Given material:
------------------------------------------------------------
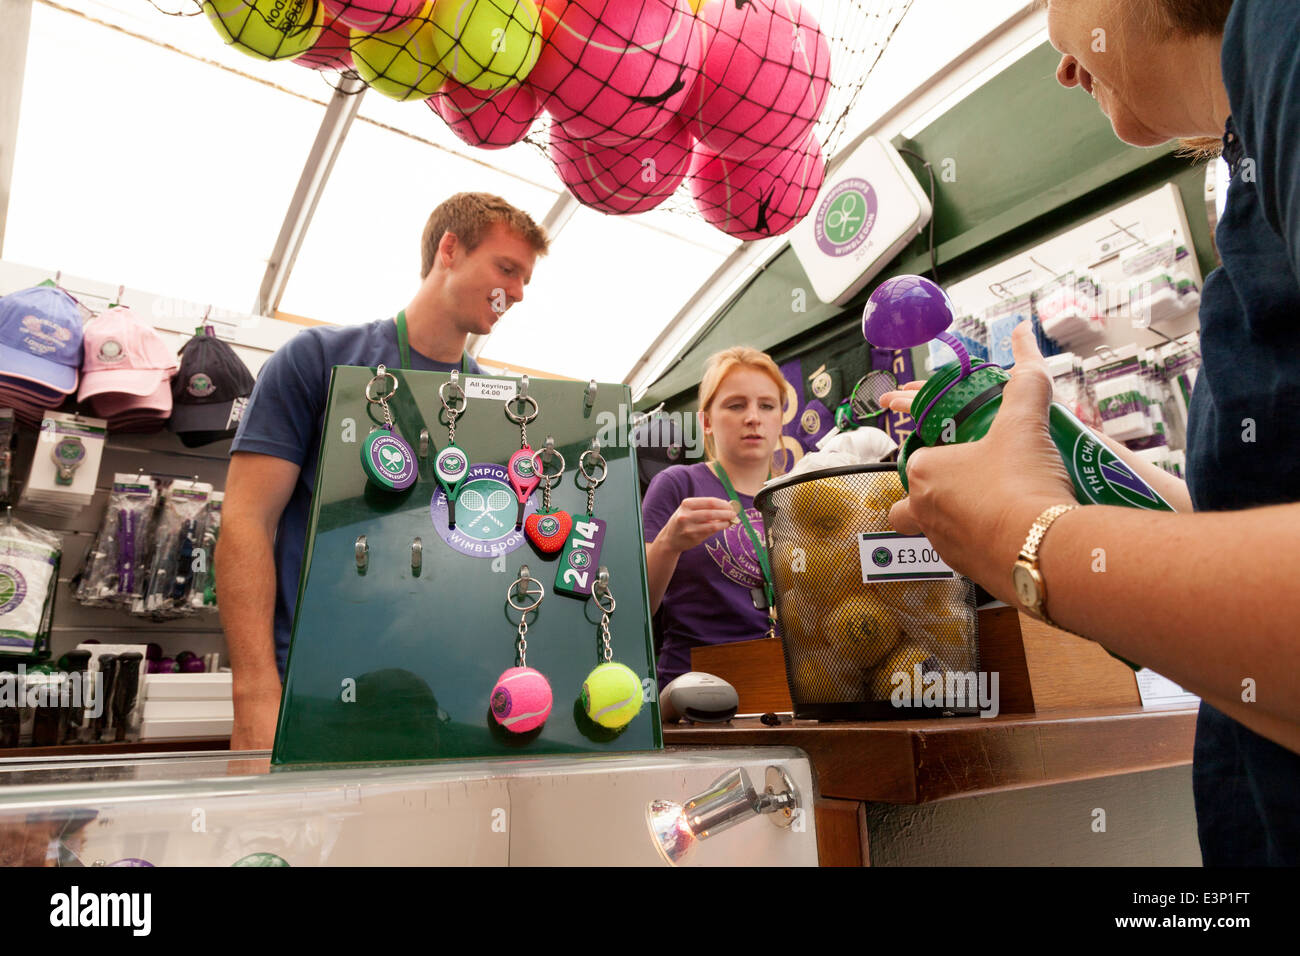 people shopping at a stall shop, Wimbledon All England Lawn Tennis Club, London SW19, England UK Stock Photo
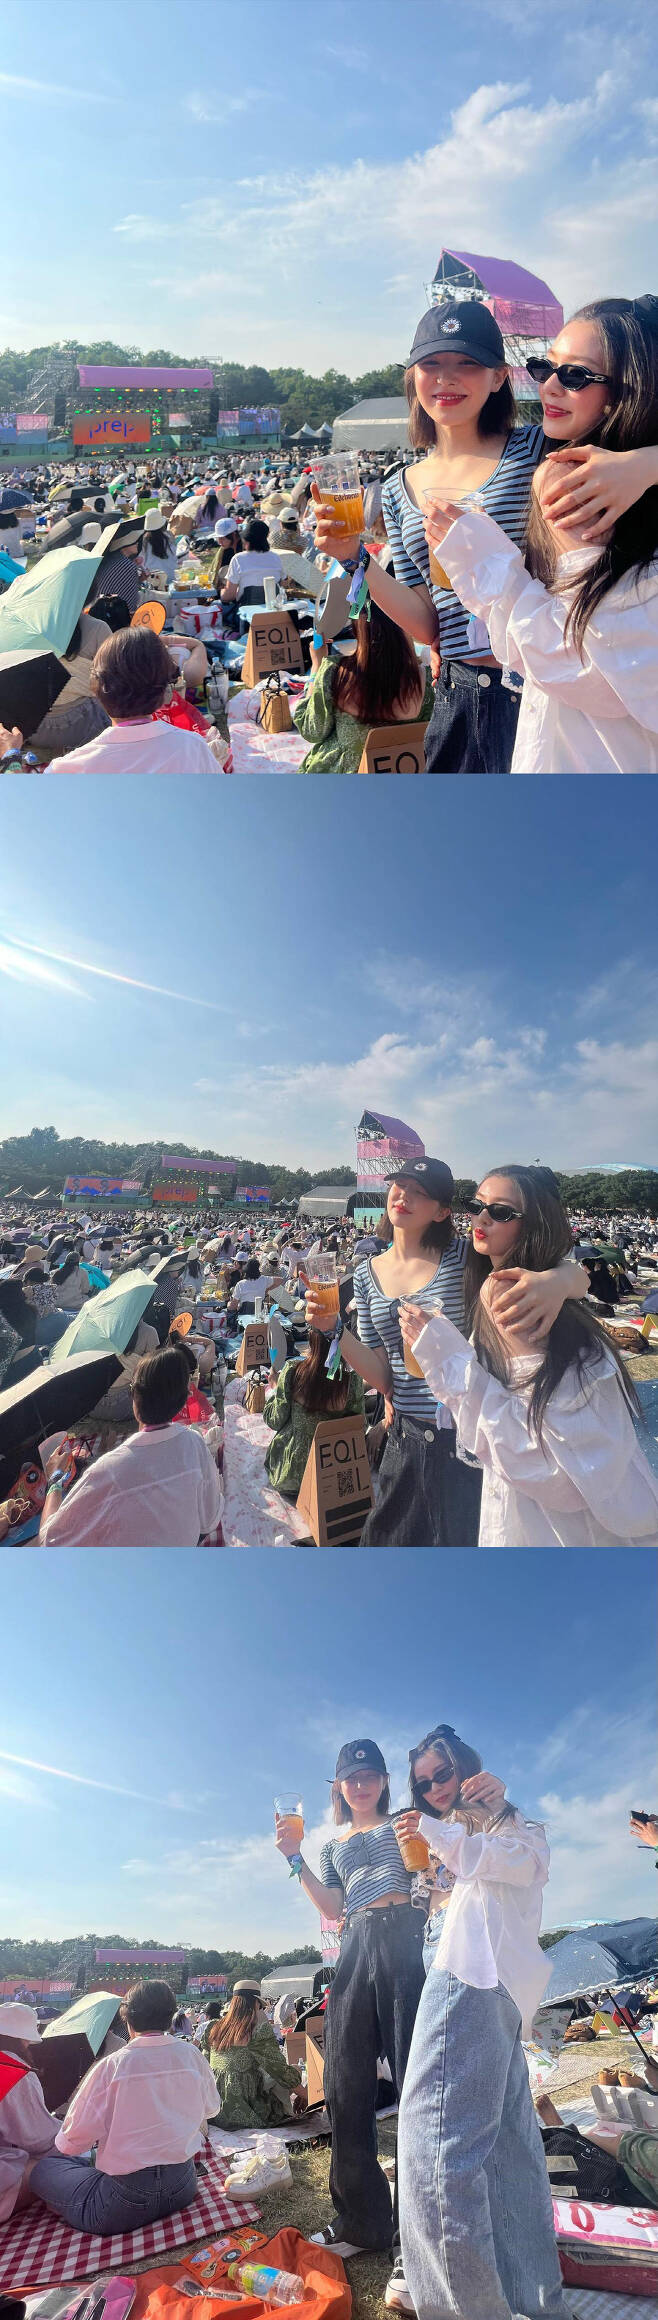 Girls group RED Velvet member Wendy enjoyed the Seoul Jazz Festival with Irene.Wendy released some photos on her 29th day, posting Lovers and Mommy on her instagram.In the photo, Wendy is enjoying music with Wendy at the Seoul Jazz Festival 2022 held at the Olympic Park 88 lawn yard.
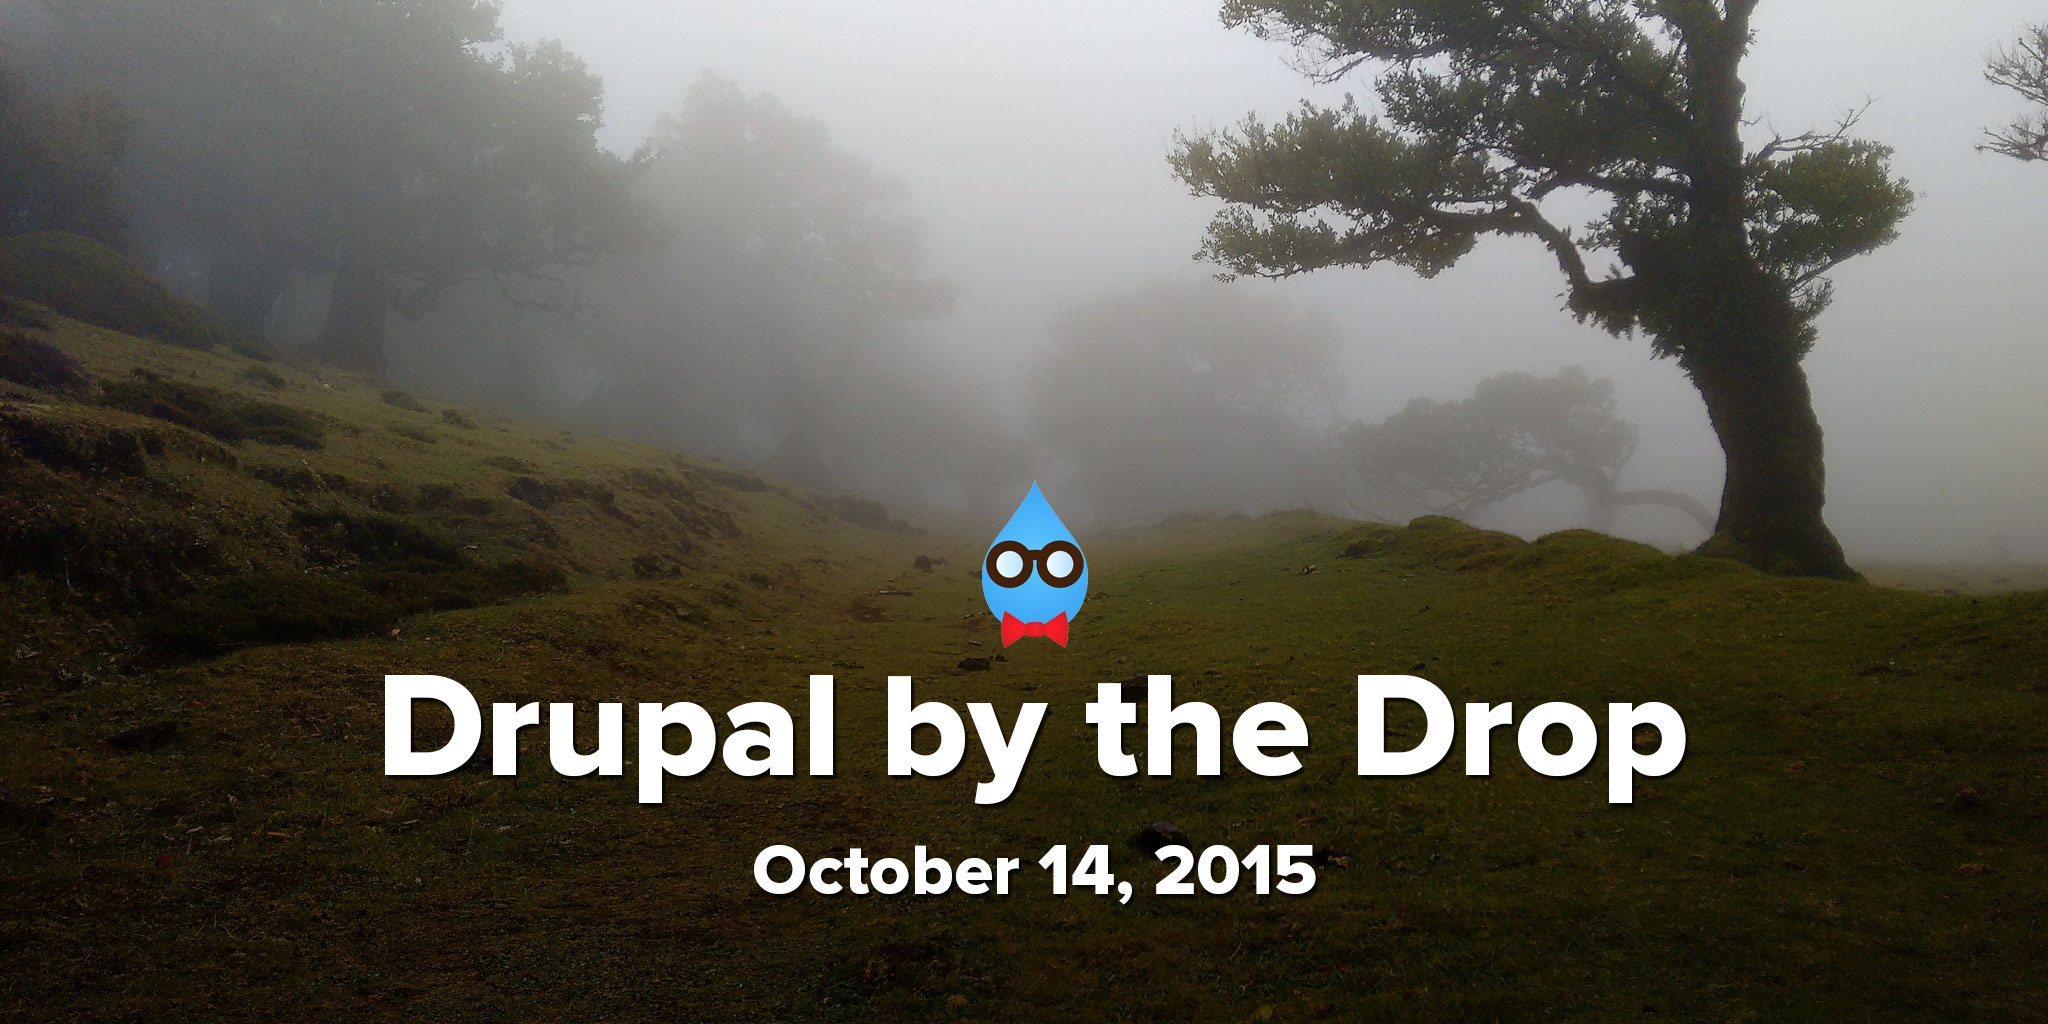 Drupal by the Drop: October 14, 2015
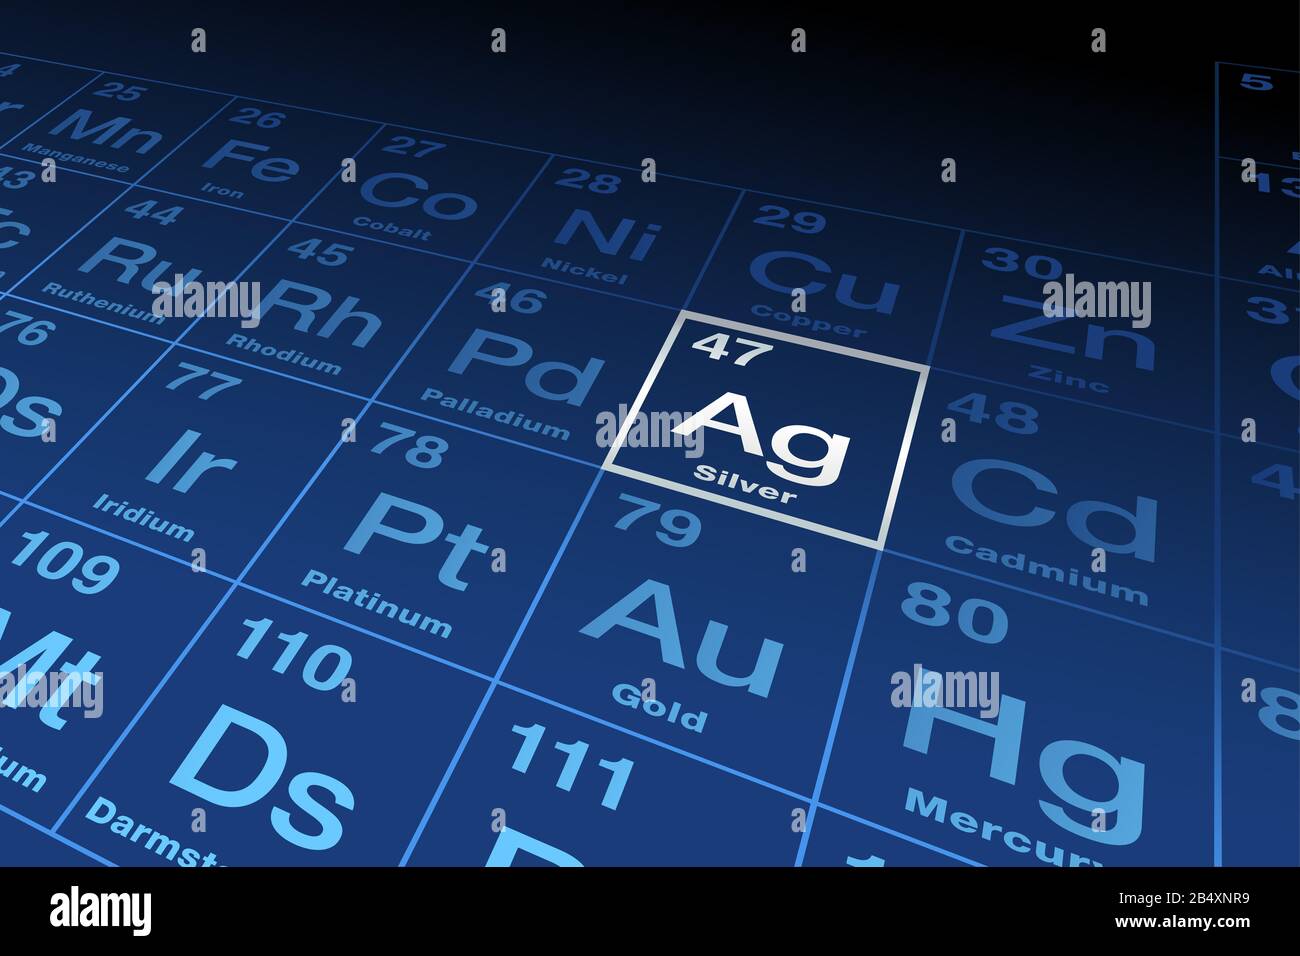 Element silver on the periodic table of elements. Chemical element with Latin name argentum, symbol Ag and atomic number 47, a transition metal. Stock Photo
------------------------------------------------------------
Exercise directions: Copy nothing but the lines above from the one with "Girls group RED" through the end of the material, word for word, and drop the pictures.

Solution to the exercise:
 Girls group RED Velvet member Wendy enjoyed the Seoul Jazz Festival with Irene.Wendy released some photos on her 29th day, posting Lovers and Mommy on her instagram.In the photo, Wendy is enjoying music with Wendy at the Seoul Jazz Festival 2022 held at the Olympic Park 88 lawn yard.
 Drupal by the Drop: October 14, 2015
 Element silver on the periodic table of elements. Chemical element with Latin name argentum, symbol Ag and atomic number 47, a transition metal. Stock Photo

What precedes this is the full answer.